Imaging was targeted at eGFP-positive spiny pyramidal neurons in superficial layers of retrosplenial, perirhinal/ectorhinal cortices and hippocampal CA1 pyramidal region. To measure dendritic spine parameters on hippocampal CA1 pyramidal neurons in acute brain slices, we varied imaging depth from 35 μm to 135 μm (Figure 3) and used 830–850-nm excitation wavelengths. Average beam power was kept between 3 and 15 mW at the objective back aperture, translating into maximum fluence of under 310 kW/mm2 at the sample due to power loss across the objective. During image acquisition, the beam was scanned over the entire field of view of the 512 × 512 detector at a frame rate varying from 1 to 9 fps. A total of 9 frames were collected at the phases and angles previously described to reconstruct a super-resolution image, corresponding to 2P-SuPER imaging rates of 0.11 Hz to 1 Hz. At least five measurements were taken at each depth from the narrowest observed dendritic spine necks.
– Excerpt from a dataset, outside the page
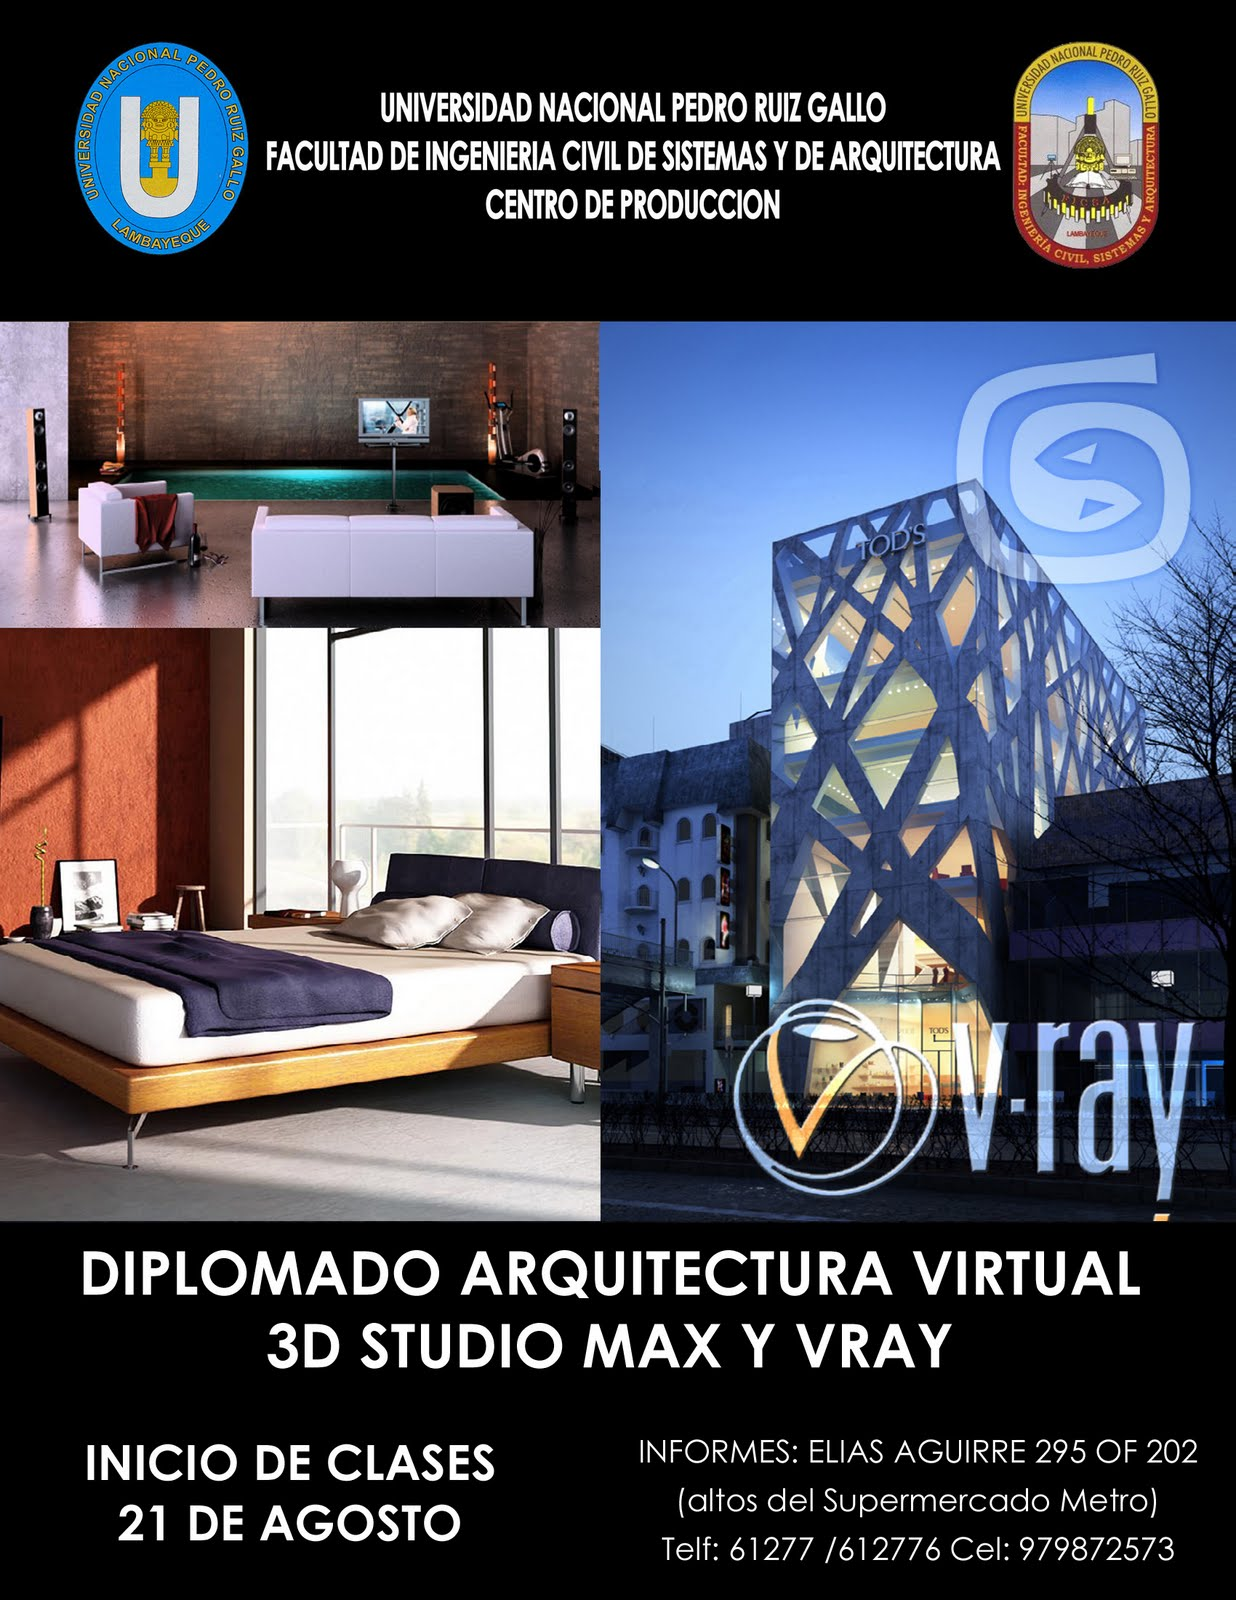 Martin ramirez 3d arquitectura virtual for Arquitectura virtual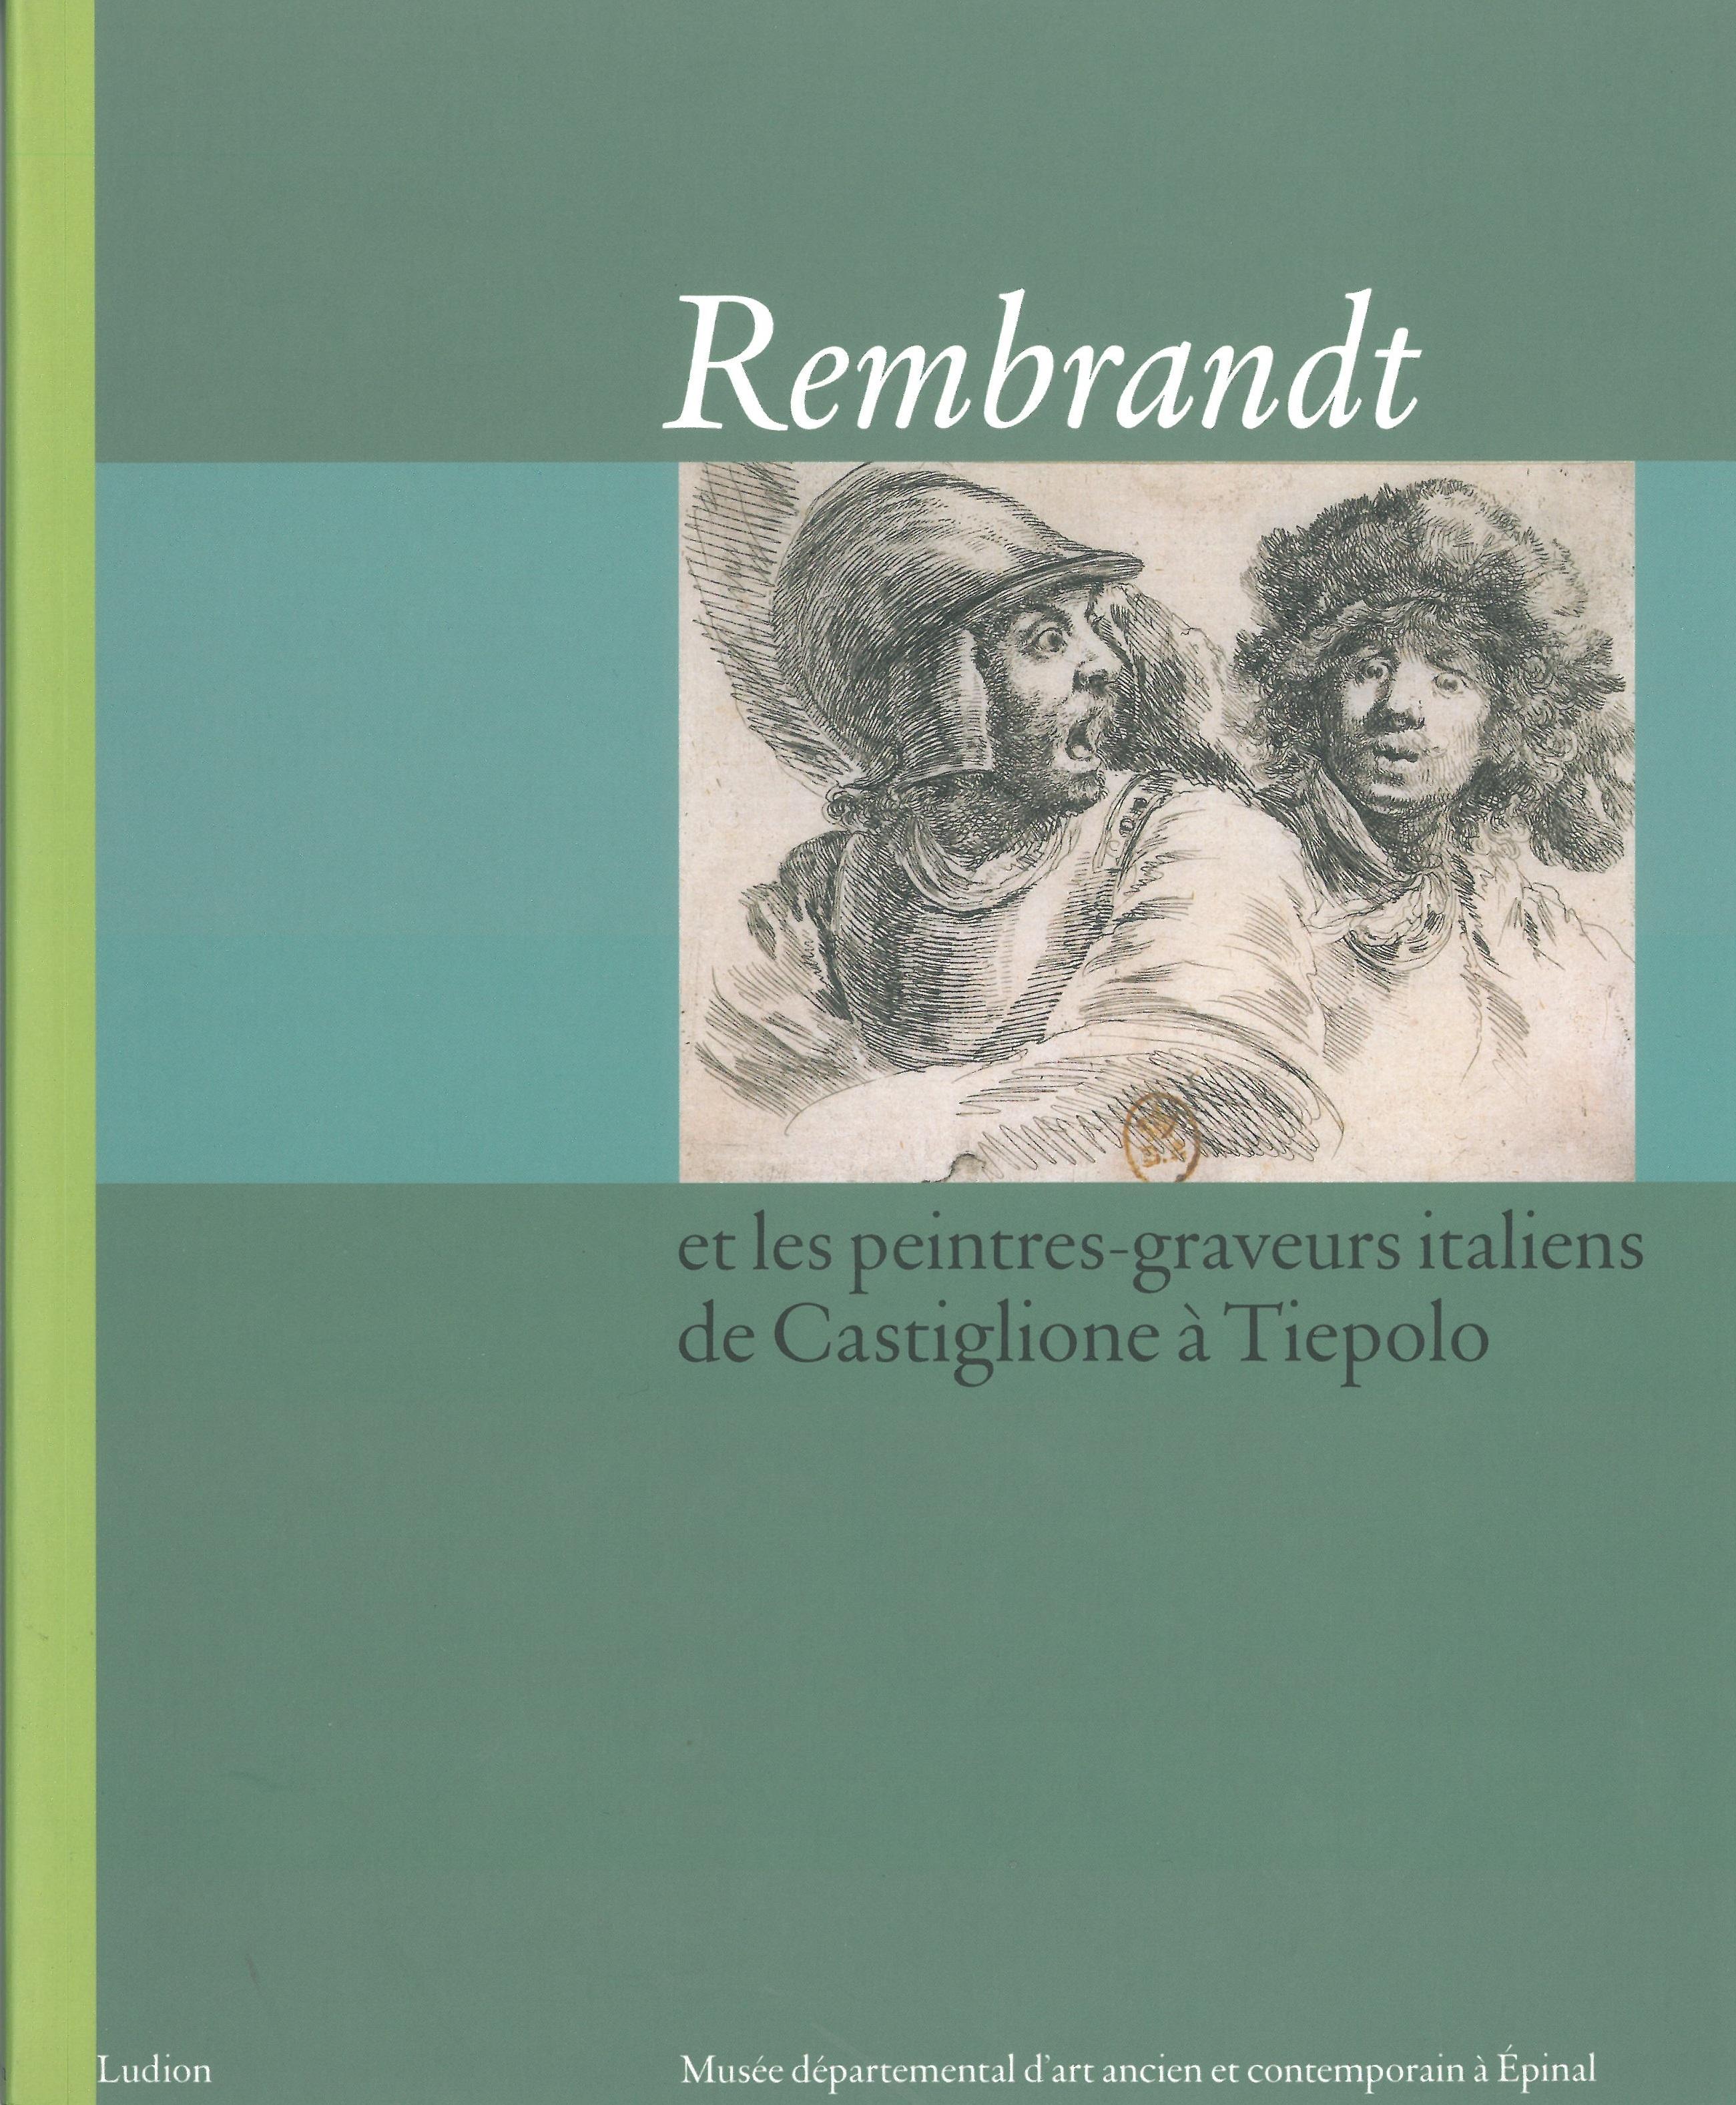 Rembrandt 2003

For fixed brain slice experiments, the brain from a postnatal day 27 Thy1-eGFP male mouse (Jackson Laboratory) was sectioned. To create fixed tissue samples, the mouse was given cardiac perfusion with 4% paraformaldehyde (PFA) in 0.1 M phosphate buffered saline (PBS). After fixation, the brain was sliced in 300 μm-thick sections on a Leica VT1000s in a coronal orientation. We used the same imaging parameters as for acute brain slices, described above.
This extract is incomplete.